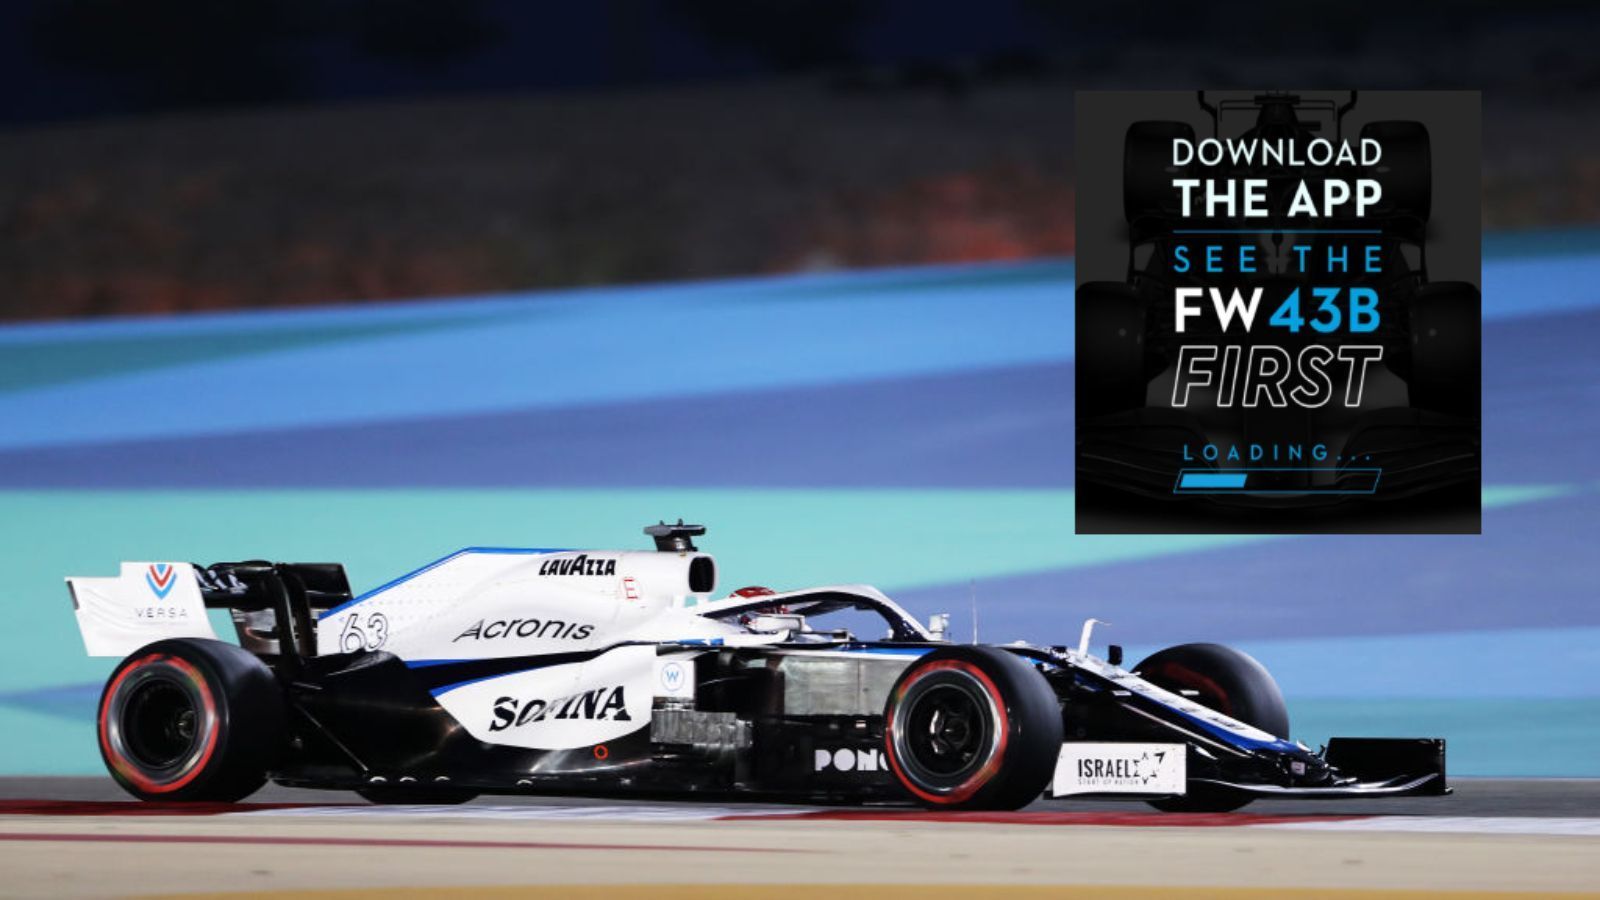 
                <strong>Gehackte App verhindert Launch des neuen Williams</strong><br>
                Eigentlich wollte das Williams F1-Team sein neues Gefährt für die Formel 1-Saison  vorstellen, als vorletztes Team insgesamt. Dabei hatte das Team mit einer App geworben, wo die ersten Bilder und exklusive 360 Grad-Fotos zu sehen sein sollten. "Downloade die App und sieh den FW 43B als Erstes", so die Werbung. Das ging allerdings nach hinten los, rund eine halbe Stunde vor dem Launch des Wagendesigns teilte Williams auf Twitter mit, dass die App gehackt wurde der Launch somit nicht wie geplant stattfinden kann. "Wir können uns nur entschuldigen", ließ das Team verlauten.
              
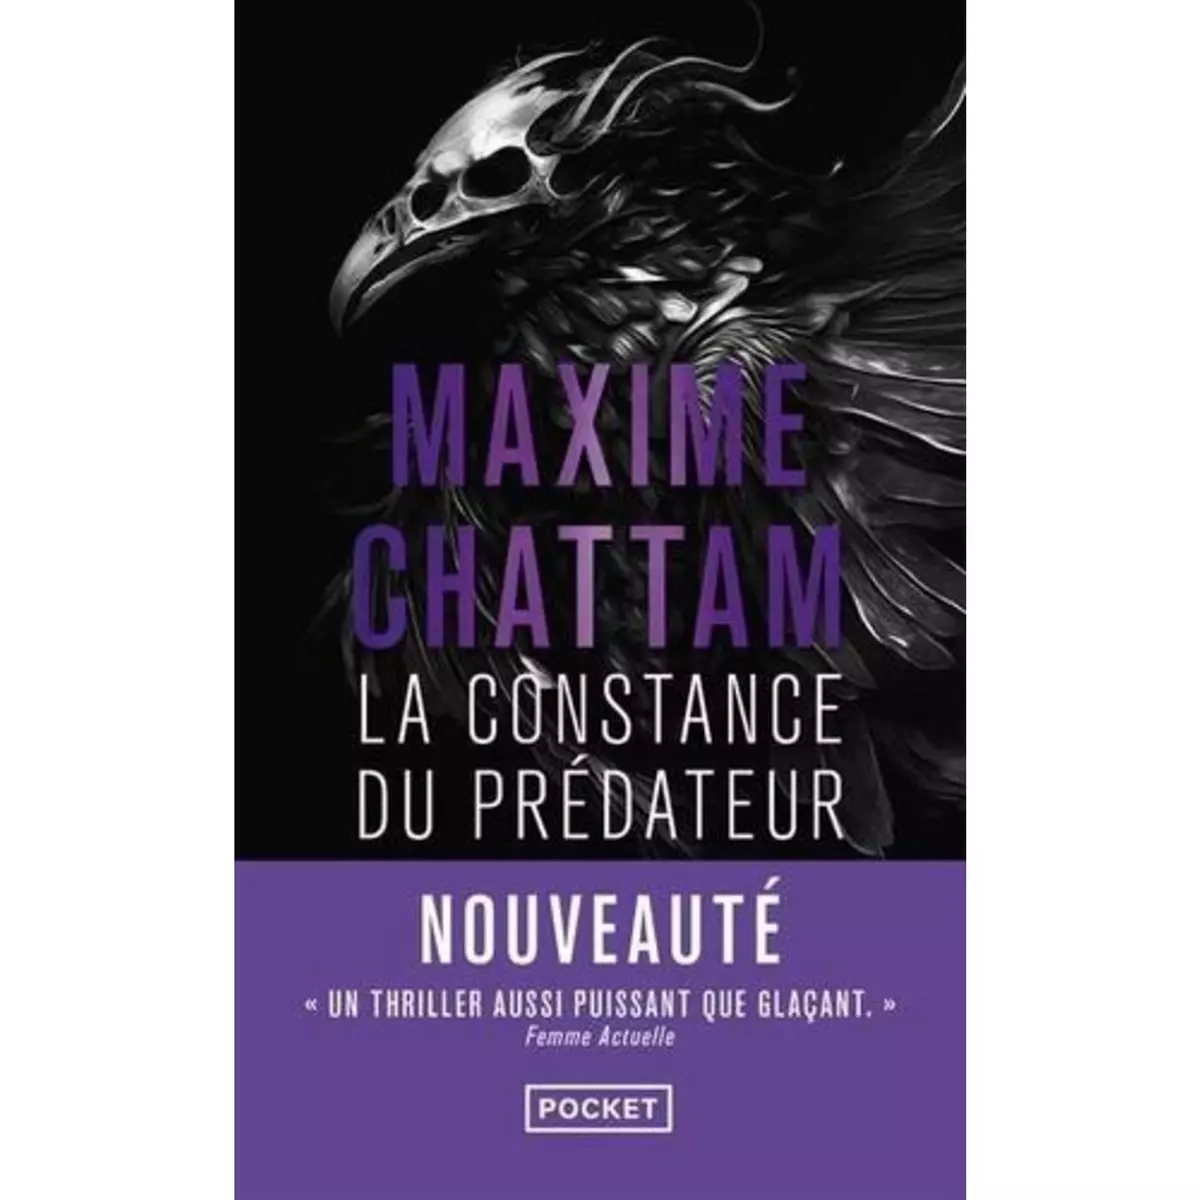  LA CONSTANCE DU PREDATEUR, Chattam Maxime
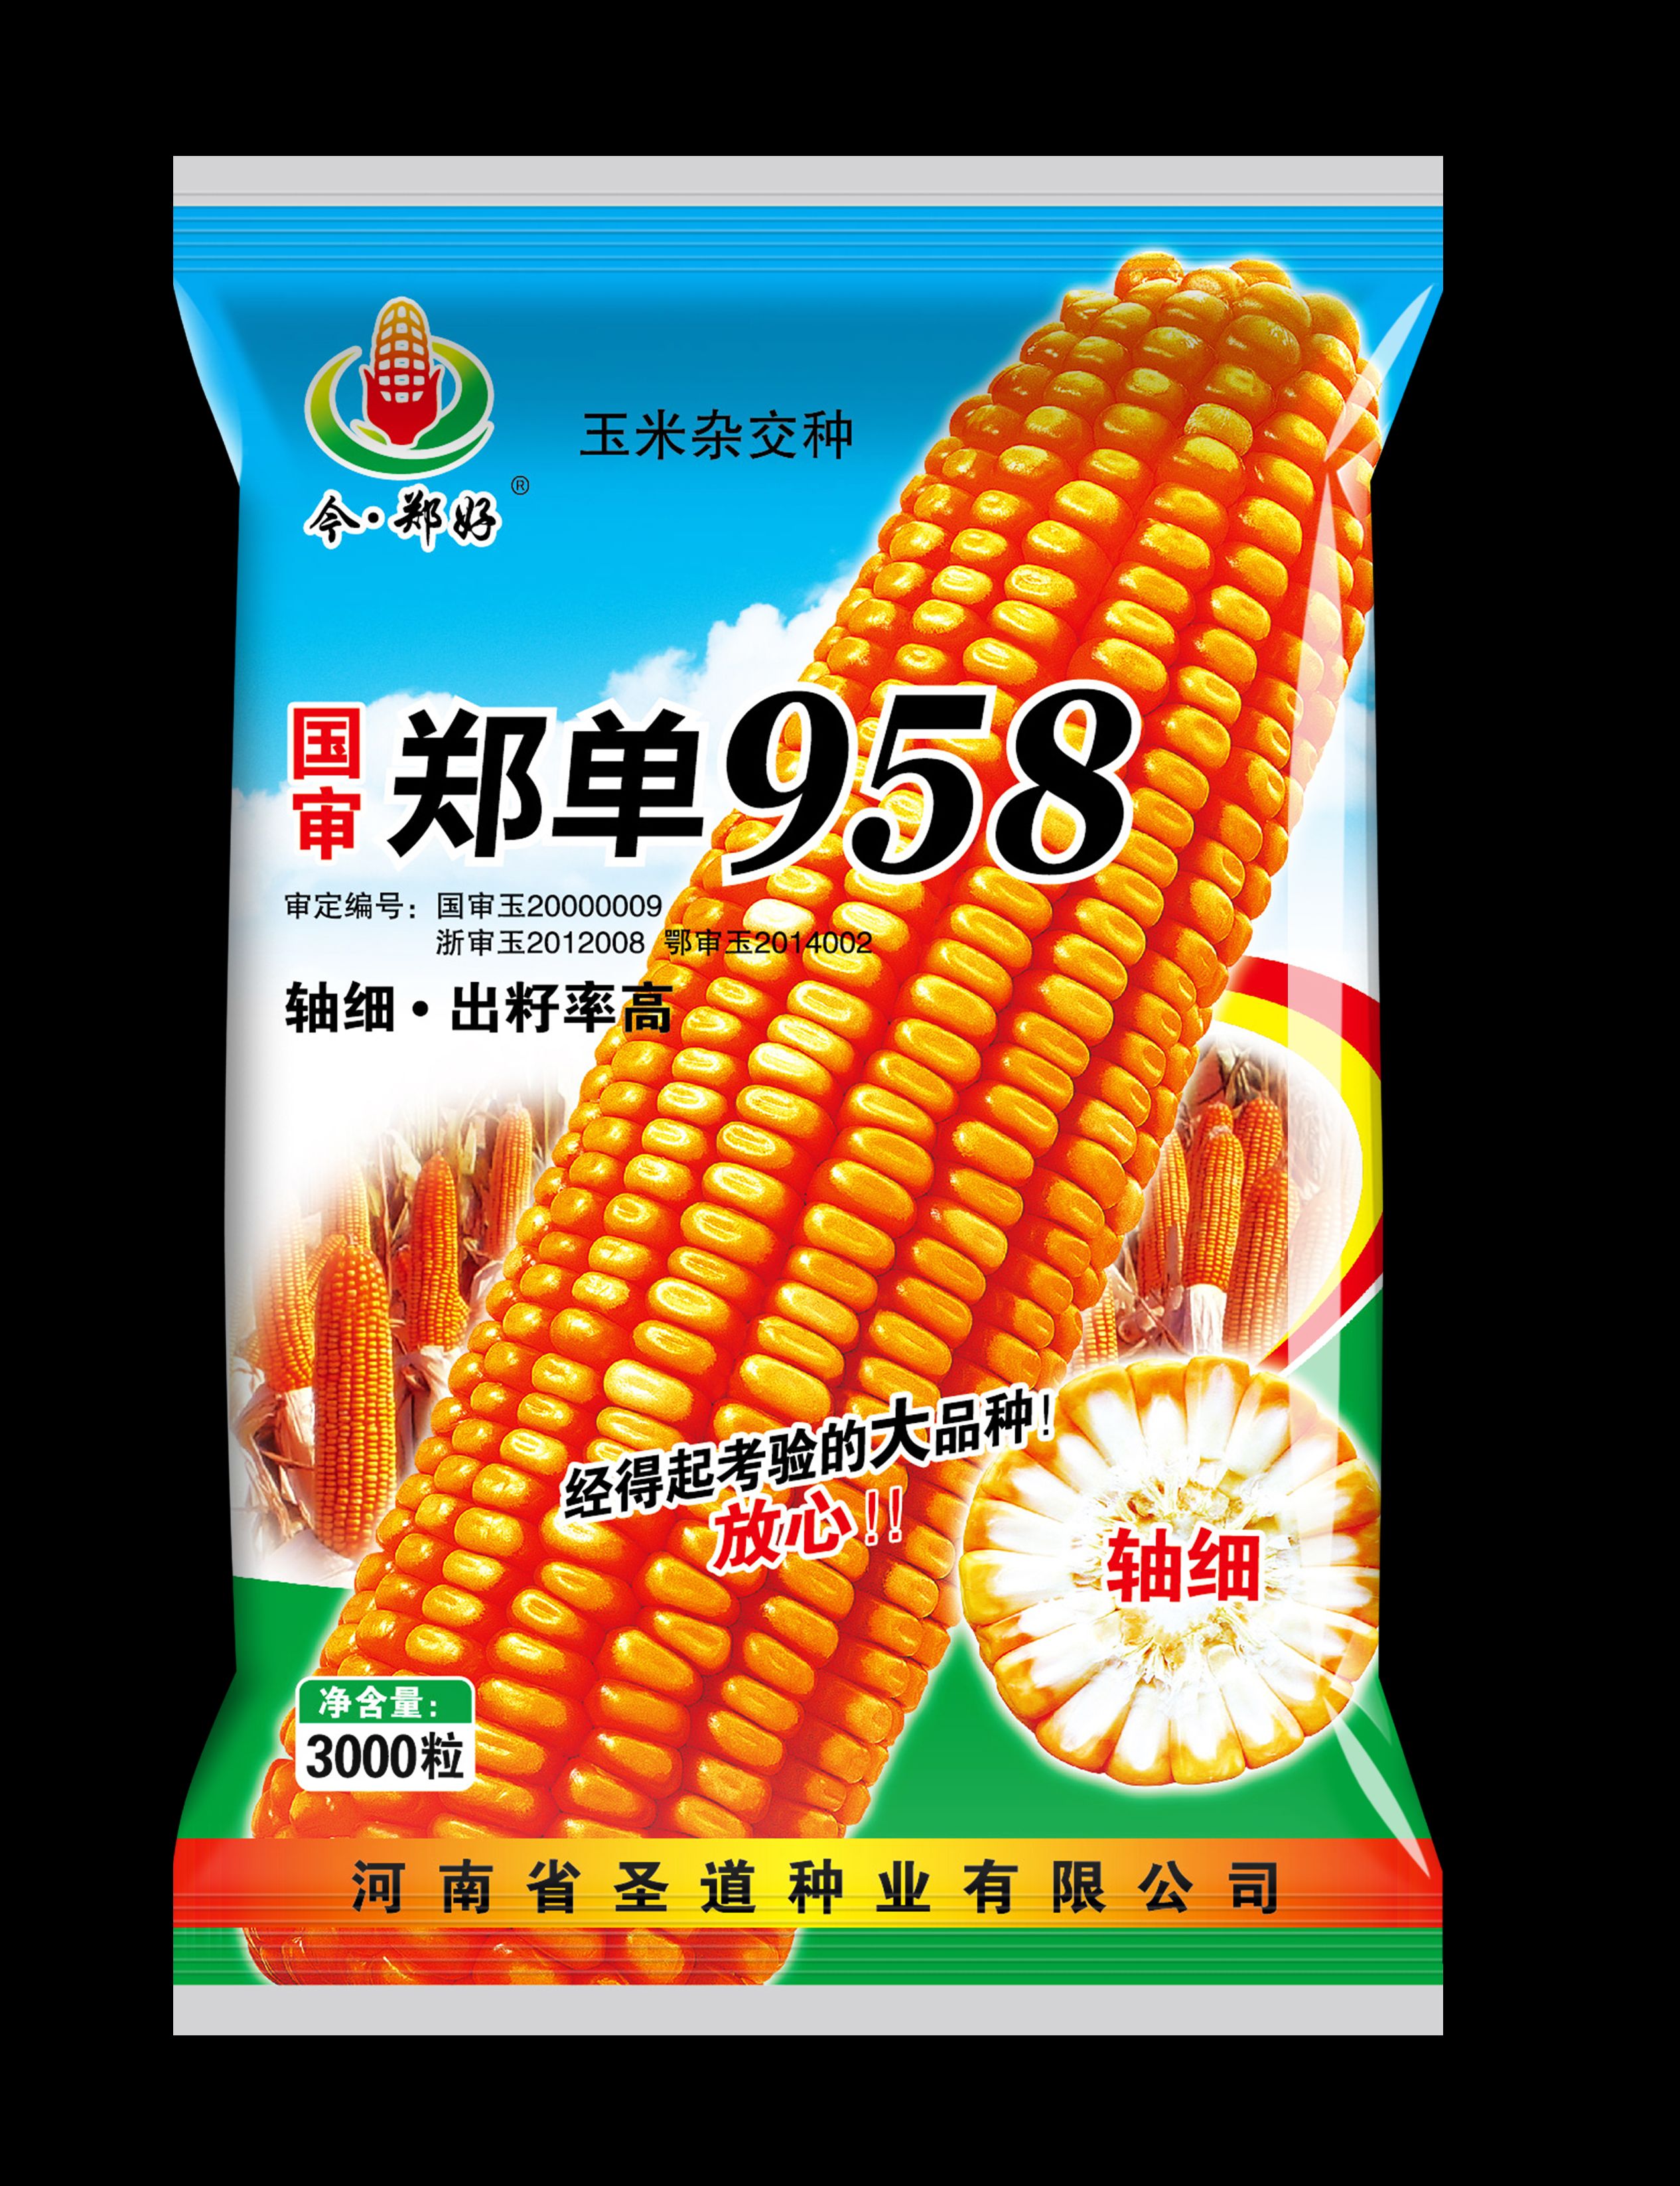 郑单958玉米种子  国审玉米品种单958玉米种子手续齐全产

━━━━━━━━━━━━━━━━

### [PROBLEM DESCRIPTION]
Please retype the whole listing above exactly, without any of its images.

### [SOLUTION FOR THIS EXERCISE]
                <strong>Gehackte App verhindert Launch des neuen Williams</strong><br>
                Eigentlich wollte das Williams F1-Team sein neues Gefährt für die Formel 1-Saison  vorstellen, als vorletztes Team insgesamt. Dabei hatte das Team mit einer App geworben, wo die ersten Bilder und exklusive 360 Grad-Fotos zu sehen sein sollten. "Downloade die App und sieh den FW 43B als Erstes", so die Werbung. Das ging allerdings nach hinten los, rund eine halbe Stunde vor dem Launch des Wagendesigns teilte Williams auf Twitter mit, dass die App gehackt wurde der Launch somit nicht wie geplant stattfinden kann. "Wir können uns nur entschuldigen", ließ das Team verlauten.
              
  LA CONSTANCE DU PREDATEUR, Chattam Maxime
 郑单958玉米种子  国审玉米品种单958玉米种子手续齐全产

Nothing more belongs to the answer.